Reviews for Saint Sinatra

Saint Sinatra and Other Poems

CHRISTIAN CENTURY, June 21, 2012

reviewed by Miho Nonaka

Angela O’Donnell’s deliciously sassy poems are born of her deeply Catholic imagination. A professor of English and the associate director of the Curran Center for American Catholic Studies, O’Donnell builds a house of saints, canonized or not, including some who have never been associated with sainthood in the traditional sense of the word.

To begin with, what qualifies Frank Sinatra as a saint? “St. Sinatra” is a tribute to the irresistible charm of the blue-eyed crooner, who turns girls into devotees by singing “a true tune we know and can’t carry.” He is the “Hoboken Hero of Eros,” and readers may find themselves part of those who plead with him in the final couplet, “Pray for us, Sinner.” The volume’s cover art shows, against a golden backdrop of traditional saints, Sinatra’s mug shot from the time he was arrested on a morals charge in 1938. Despite his shady past, the brilliance of Sinatra’s performance makes him a holy vessel, worthy to intercede on behalf of the believers in his art; it endows him with the power to “Sing us alive.”
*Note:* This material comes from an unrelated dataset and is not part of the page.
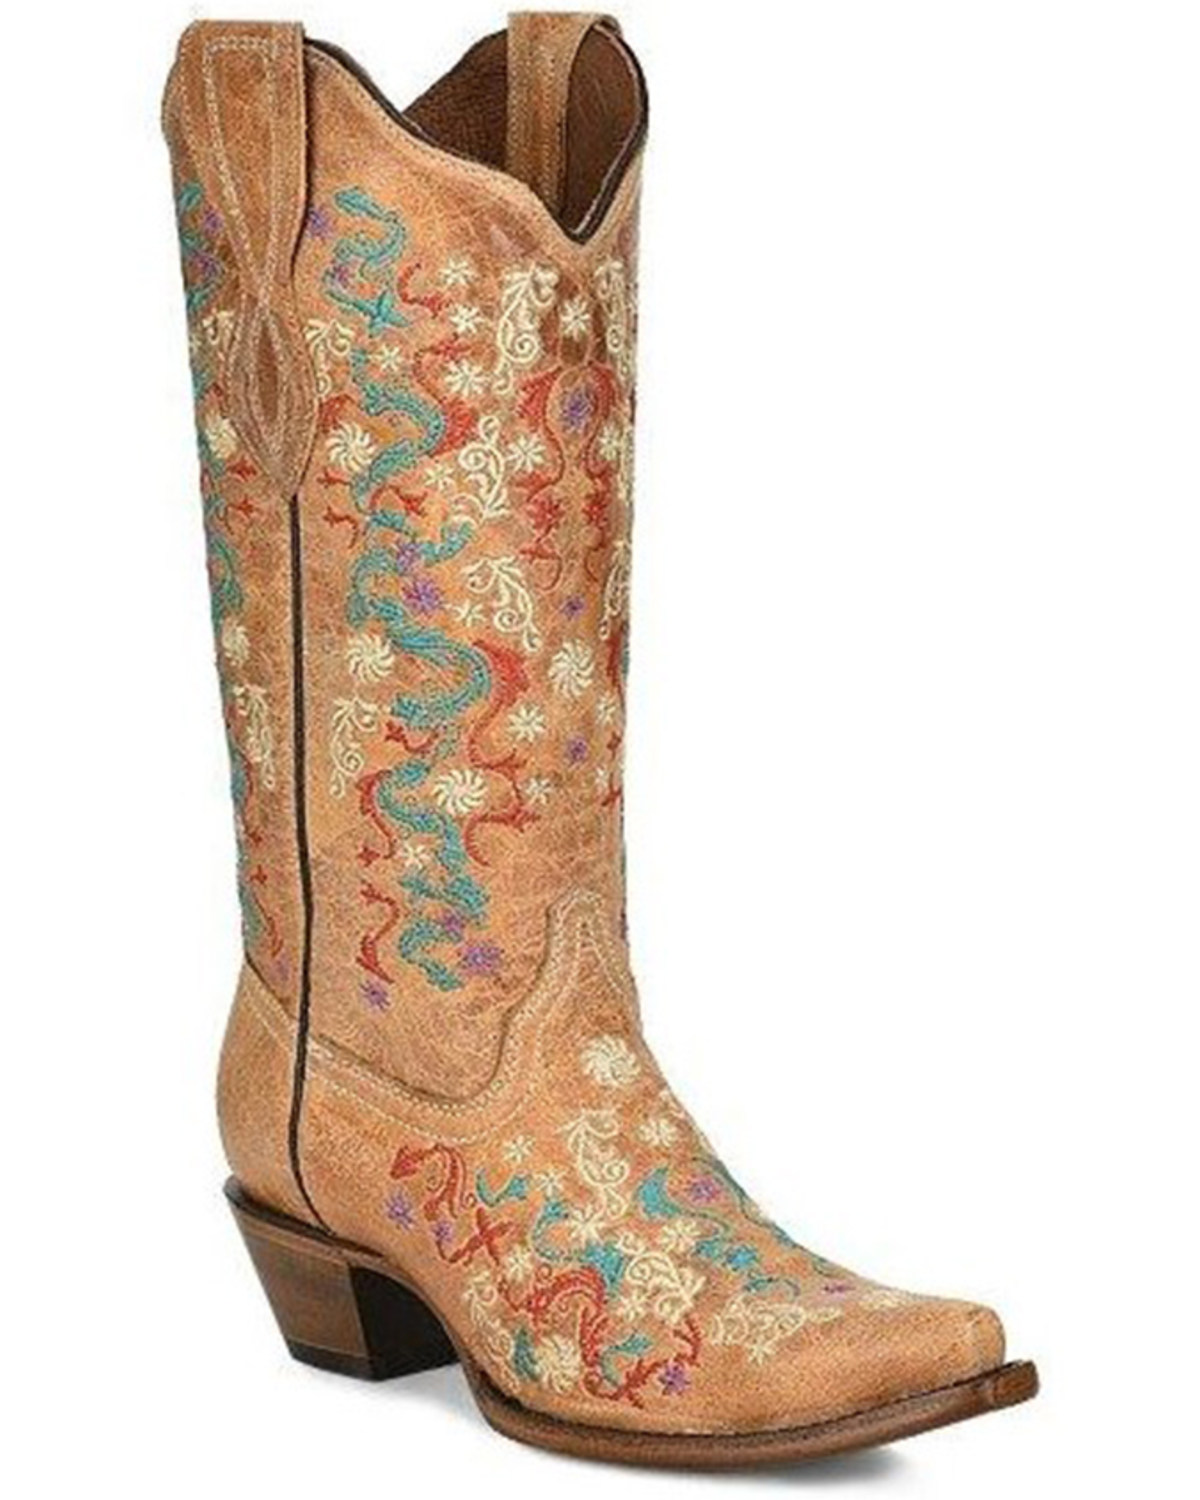 Circle G Women's Floral Embroidery Western Boots - Snip Toe

In its playful content and swing-jazzy form, “St. Sinatra” is an alluring entrance. O’Donnell sorts her saints into six sections (“Sisters,” “Brothers,” “Speaking in Tongues,” “Seeing Through Not with the Eye,” “Holy Ground” and “Household Saints,” with a poem of “heresy” ending each section). O’Donnell’s selection ranges from canonical saints like St. Catherine of Siena (or, more casually, St. Kate); biblical characters like the practically minded St. Martha, begrudging her sister’s time at Jesus’ feet; legendary artists like St. Vincent (Van Gogh), painting the world in whorls of colors; to literary giants like St. Melville and even his villainous hero, St. Ahab. Part of what makes this collection so daring is the poet’s clear refusal to draw conventional boundaries between good and evil, body and spirit, secular and religious arts, the beatified elect and the unblessed mediocrities. The book even includes Mozart’s nemesis, “St. Salieri.”

Saint Sinatra and Other Poems is also a celebration of the sensual plea­sure of poetry. The entire volume is marked by the distinct joy O’Donnell takes in the sound and rhythm of language. In the concluding poem, in which she calls the reader to “crack k’s with your crowns / roll l’s across your taste-budded tongue,” we hear the voice of a female poet whose creations beckon to readers with a hearty “mangia!” And so we do. We lip-synch along with Edna St. Vincent Millay (“What lips my lips have kissed and where and why / are lips my lips have missed, and so I try”) and enjoy the fine rhymes and taut rhythmic structure found in a number of O’Donnell’s poems like well-defined muscles.

The deftly crafted sonnet that opens the “Household Saints” section is an ekphrastic poem inspired by a charcoal drawing by Margie Crisp, “Inferno on Dumbwater Creek,” which also happens to be on the cover of O’Donnell’s debut poetry collection Moving House. The dramatic description of a burning house is followed by the responses (or lack thereof) from things that are present on the scene: the moon, the windows, the clouds. The image of a collapsing house provides a viable counterpoint to the poetic structure of O’Donnell’s book, which enshrines both orthodox and unorthodox saints. The house could symbolize one’s past and present homes, the architectural arrangement of a poetry manuscript, a house of God, even the Catholic Church. The poet’s fiery imagination seems to cleanse and bring new life to stagnant, calcified notions of faith and art.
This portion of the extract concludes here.